İrade kelime anlam olarak dilemek, istemek demektir. İrade aslında dilediğini ve istediğini yapabilme gücüdür. Bu açıdan günümüz insanının iradi açıdan zayıf olduğunu söylemek zannımca yanlış olmaz. Aslında imkanlar çok olmasına rağmen yapabildiklerimiz bunlara nazaran çok az. Performansımızı (irademizi) kullanmadığımızdan kaynaklanıyor.
Eskiden imkanlar az, emek çoktu. Şimdi tam tersi emek az. Ayrıca az emekle çok şey elde etmek istediğimiz için sorunlar yaşıyoruz. Az çalışarak zengin olmayı, sınavlar kazanmayı, lüx hayat yaşamayı istiyoruz. Bunların kısa yollarını araştırırken gayri meşru, gayri hukuki ve hatta gayri insani (insanlık dışı) yollara başvuruyoruz. Doğru olmayan yollarda daha iradeliyiz. Yani irademizi kötüye kullanıyoruz.
İrade ayrıca çevredekilere iş yaptırabilme gücüdür. Allah bütün kainatı evirip çevirmektedir. Her şey tam takır işlemektedir. Onun eliyle işleyen hiçbir şey aksamamaktadır. Güneş zamanında doğmakta, batmaktadır. Gezgenler yörüngelerinde askeri disiplinle devam etmektedir. Ama insanların yaptığı işler sürekli aksayabilmektedir. Teknik arızalar çıkmaktadır. İlgili kişiyi yerinde bulamıyoruz. İşini yapan yanlış yapabiliyor. Bazen de yapamıyor. Başka bir kıdemli gelip işi yapıyor. İşte tüm bunlar iradi eksikliklerdir.

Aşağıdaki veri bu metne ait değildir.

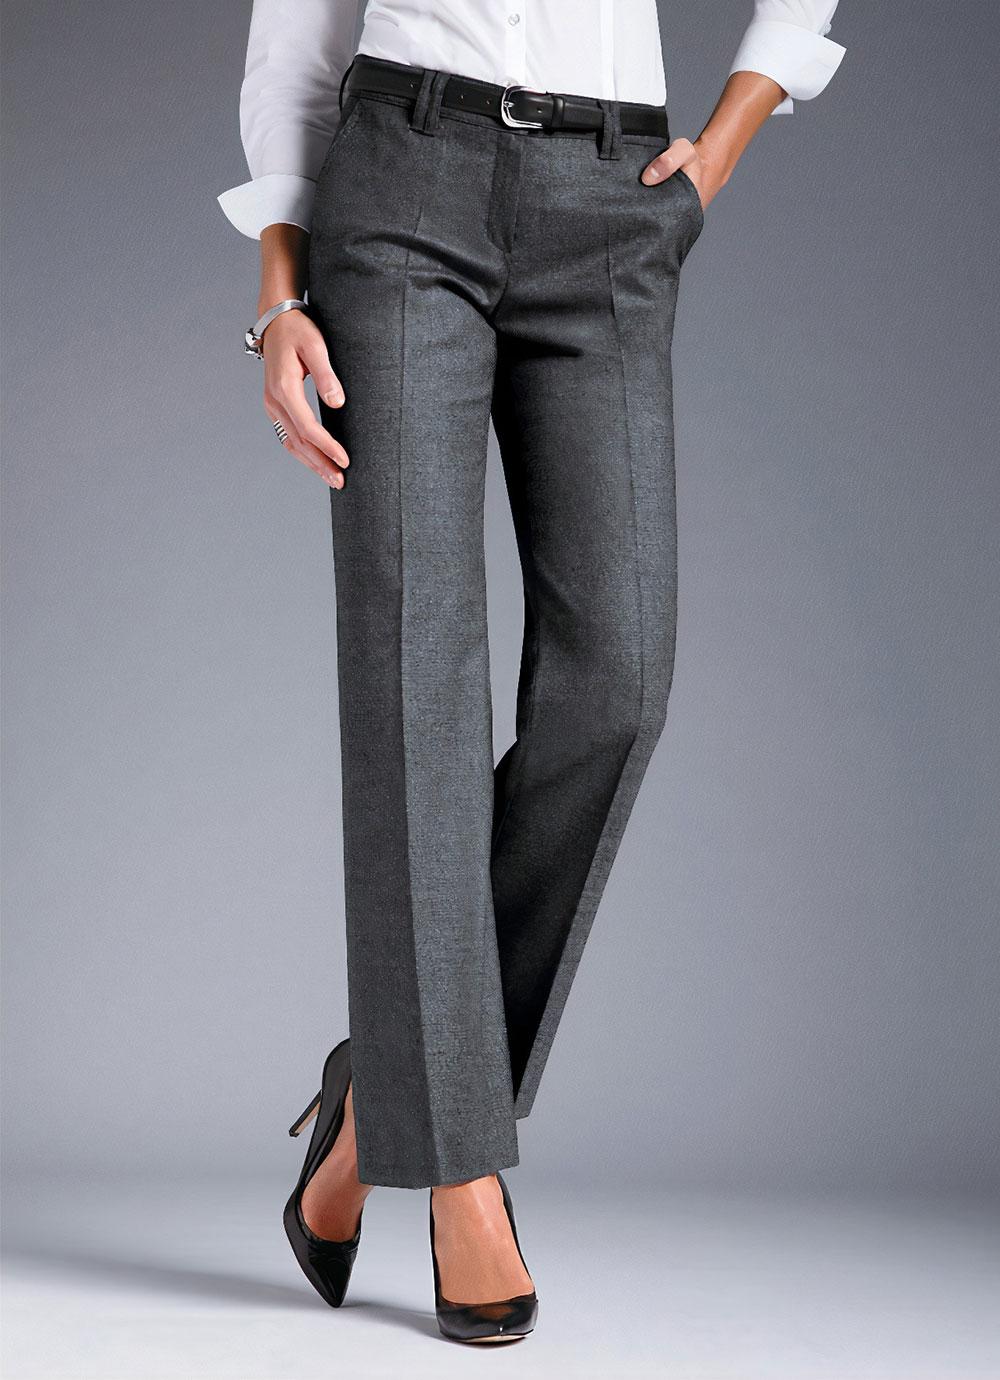 Пошив женских брюк

Çok zayıf bir irademiz ve iktidarımız (yapabilme gücümüz) olduğu halde kendimizi böyle görmüyoruz. Kendimizi zayıf, aciz, fakir görmüyoruz. En küçük bir hastalığı iyileştirmeye gücümüz olmadığı halde sağlığımıza gereken dikkati vermiyoruz. Paramız bittiğinde kendimizi çok kötü hissettiğimiz halde harcamalarımıza dikkat etmiyoruz. Bir insana bir şey yaptırmaya gücümüz ve belki de yetkimiz olmadığı halde emir vaki konuşuyoruz. Lafa gelince kolay söylüyoruz ama icraata gelince çoğu zaman tıkanıyoruz. Hal böyle olunca kendi kıymetimizi kendimiz düşürüyoruz.
İrade daha çok bizim kendi etki alanımızda geçerlidir. Bir başka deyişle irade kendi kendimize söz geçirebilme kuvvetimizdir. Bir öğrenci kendi kendine kalk ders çalış dediğinde kalkıp çalışabiliyorsa o iradelidir. Bir insan uykudan kalkıp işe gitmesi gerekiyorsa ve gidiyorsa o iradelidir. Bir başkasına ders çalışmasını söylemek, kalkıp işe gitmesini söylemek irade değildir. Yani irade başkasına geçmez. Bize kendimize geçer. Zorla iradi olunmaz.
Zorla iradi olunmaz ama irade güçlendirilebilir. Sorumluluk bilincine sahip bir insan üzerine düşüni yaparsa ki irade tam da budur (insanın görev ve sorumluluklarını yerine getirmesi, getirebilme gücü). Onu iş yapmaya sevk eden saikler (etkenler) kişiye öğretilebilir. Dolayısıyla daha iradeli olması sağlanabilir. Çevresinden az çalış çok kazan, işin hile hurdasını öğrenen kişinin iradesi kötüye kullanılmış olur. Sonra kendine de faydası olmaz. Kendi nefsine zulmetmiş olur. Halbuki irade de insan gibi terbiye edilebilir.